Paired depth (couple), Inverness, C2DE

As this tension between parenting as a public and private practice is a long-established one, any reconfiguration of the relationship between families and the state (of the kind implicit in the proposed legislation) is, not surprisingly, a potential source of contention and controversy.

‘Nobody can tell you how to be a parent’: influences on parenting style

In this context, it may be worth examining what parents consider to be the key influences on their own style of parenting. Survey participants were asked how much they would say they had learned from a variety of sources about useful ways to deal with their child’s behaviour. As Table B-2 shows, they were most likely to cite their own experience of being a parent and then their own experience of being a child as strong influences in this respect — though, as some of the qualitative discussions made clear, the effect of their own childhood experience could take both positive and negative forms.

Table B - 2 How much learned from different sources about useful ways to handle child’s behaviour (% respondents)

 

A lot

Quite a lot

Not very much

Nothing at all

Own experience of being a parent

43

49

5

1

Own experience of being a child

26

54

16

3

Other friends or family

9

42

37

12

Other parents

9

37

40

13

Heath visitor, social worker, teacher or other professional

6

25

36

33

Television, books, or articles in papers or magazines

4

23

42

31

Unweighted base=692

When asked who they would be most likely to talk to if they needed advice about their child’s behaviour, survey respondents were most likely to mention their own partner (78% of those who were living with a partner), followed by their own mother (29%)4 and friends (23%). ‘Outside’ help is sought relatively more often in relation to younger children: around a quarter (28%) of those with a child under five would seek advice from a health visitor (37% would talk to their mother about a young child). Considerably fewer of those with a school-age child would consult a teacher (15%).

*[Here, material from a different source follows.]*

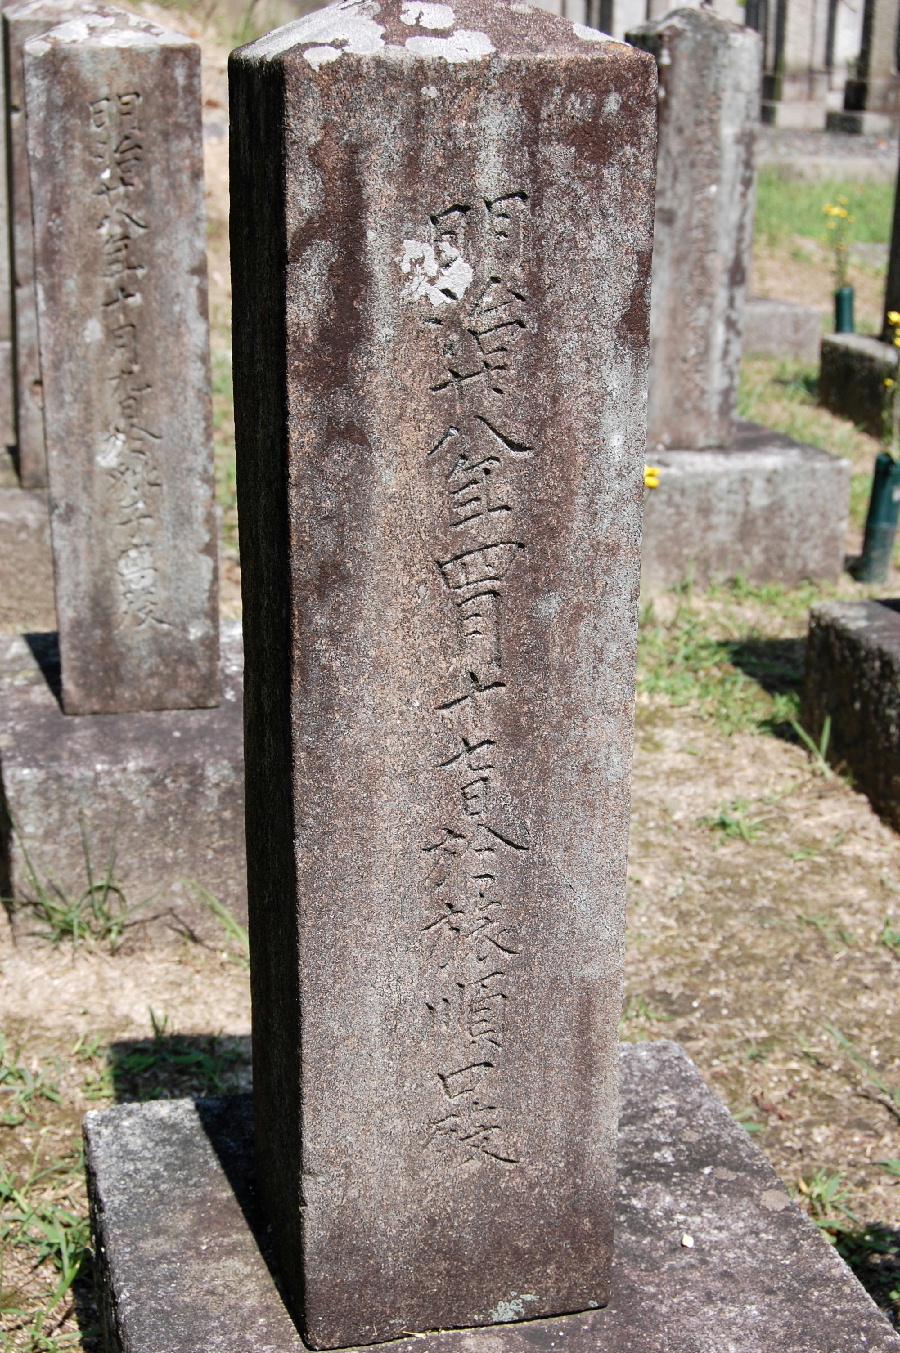 柳樹屯上陸前に（１８９５年４月１７日）旅順口で亡くなった兵士の墓碑

Two points are, then, worth emphasising here. First, one’s own parents - mothers in particular - are a central reference point for most parents’ accounts of how they bring up their children. Secondly, parents do not typically see their children’s behaviour as a matter for outside expertise (unlike, for example, ill-health) and are likely to deal with such issues either entirely without reference to others or by talking only to close friends or family. In such a context, resistance from parents to the idea of government ‘telling us how to do our job’ is not surprising.

Key points

  • It is important to situate the issue of discipline within the context of broader perceptions of parenting and family life.
  • Contemporary parents clearly feel that they face significantly greater pressures than earlier generations. In this context, research participants cited the difficulty of maintaining an appropriate work-life balance, the loss of routine in family life and the pressure of their own and their children’s material expectations.
  • It was also widely held that there has been a significant change in the general relationship between children and adults, with the former becoming more assertive and less accepting of adult authority in general. Although many parents welcomed this shift, there was a view that it has made it more difficult to discipline children effectively.
  • Against this backdrop, there is evidence of increased parental anxiety about their abilities and of a sense of being held to account for the behaviour of their children.
  • That said, most parents remain resistant to the idea that their children’s behaviour is a matter for outside expertise and are likely to deal with such issues with reference only to close friends or family.